Эдуард шел по улице, и вскоре остановился напротив одного дома, внимательно рассмотрел его фасад и смело постучал в дверь сначала три раза, потом — пять и семь. Мне сразу вспомнилась моя поездка в Вестфалию и то, как я стучал в дом Ганса. Дверь вскоре открылась. На пороге стоял, и я это понял сразу, хозяин. Широко улыбаясь, он заключил Эдуарда в крепкие объятия.
— Здравствуй, брат! — сказал Эдуард.
— Здравствуй! — отвечал хозяин, — эти люди тоже твои братья?
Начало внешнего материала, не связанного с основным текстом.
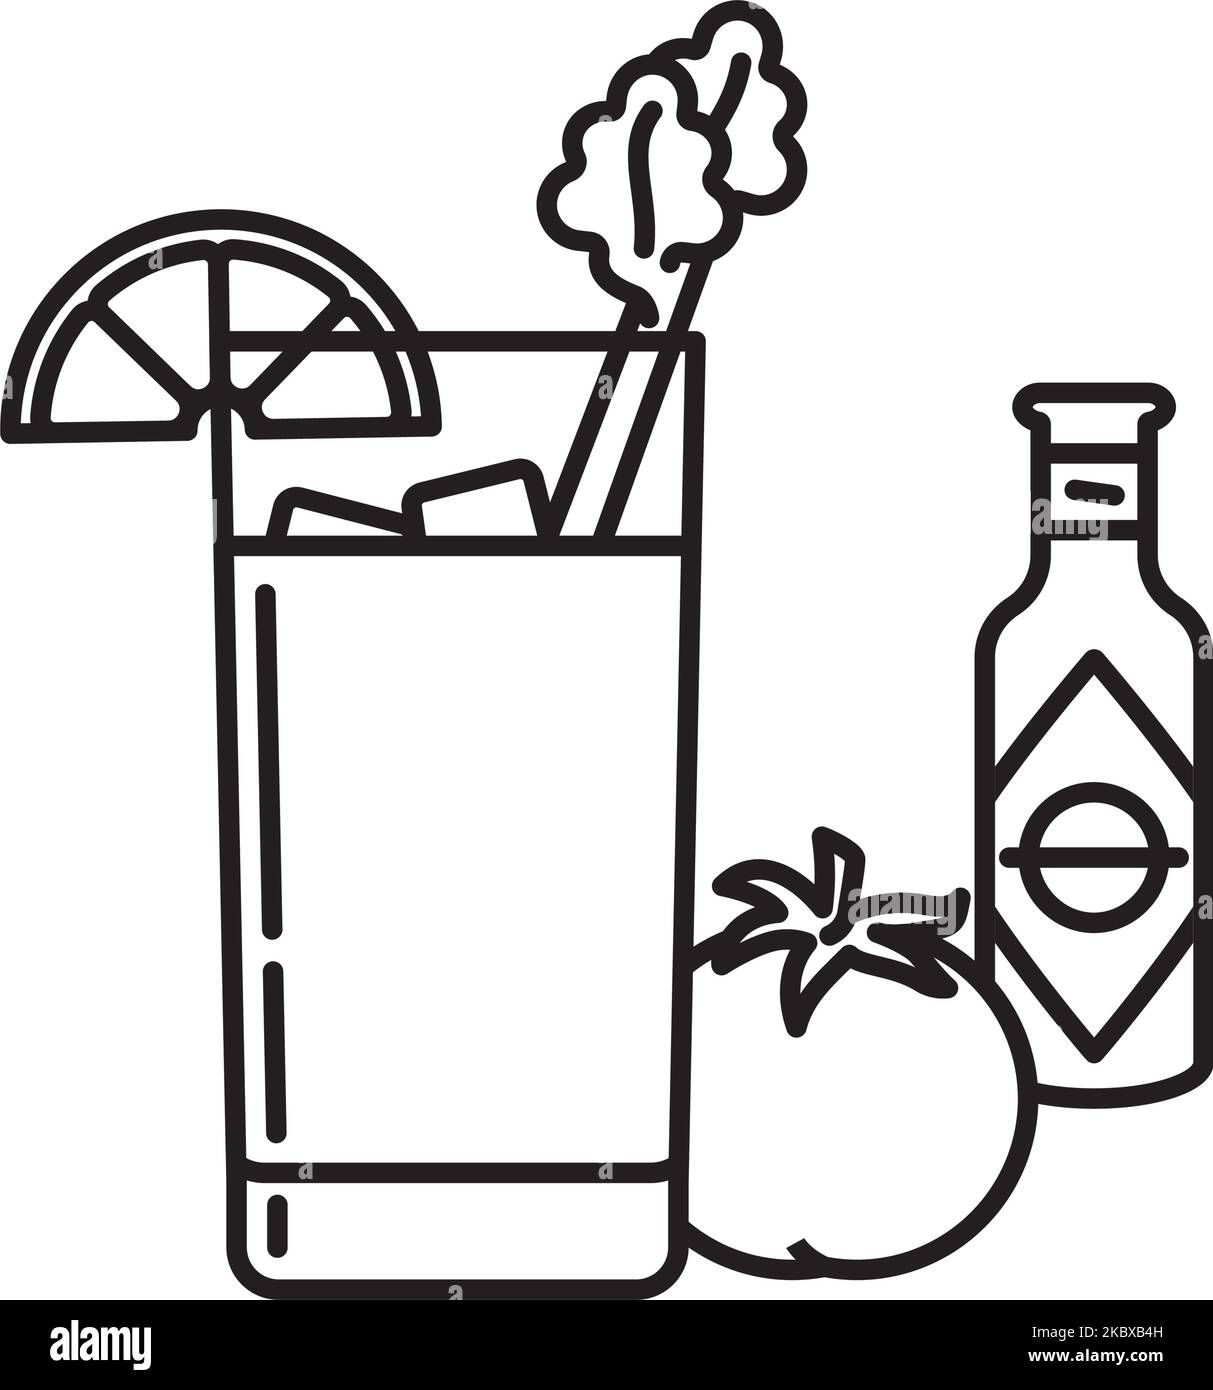 Cóctel Bloody Mary con pedazo de limón y tallo de apio, tomate y botella de salsa caliente icono de la línea vectorial Ilustración del Vector

— Это мои друзья, которым открыты все двери, открытые мне. Вот, знакомься брат, это граф ла Мот, нынешний заказчик моих работ, вот его оруженосец, благородный рыцарь Гамрот, а это искуснейший из стрелков, господин Шарль.
— Входите, дорогие гости, — приветствовал нас хозяин дома, провожая внутрь, — мой дом всегда открыт для моего брата и его друзей.
Мы расселись за длинным дубовым столом прекрасной работы, который был накрыт чистейшей льняной скатертью с клеймом цеха дижонских ткачей. Два подмастерия внесли блюдо с колбасами, от которых потек аромат хорошего чеснока, и караваи душистого хлеба, а еще два подмастерия вкатили бочонок вина. Потом в зале появился молодой человек, опрятно одетый, по сходству которого с хозяином дома, я признал в нем его сына.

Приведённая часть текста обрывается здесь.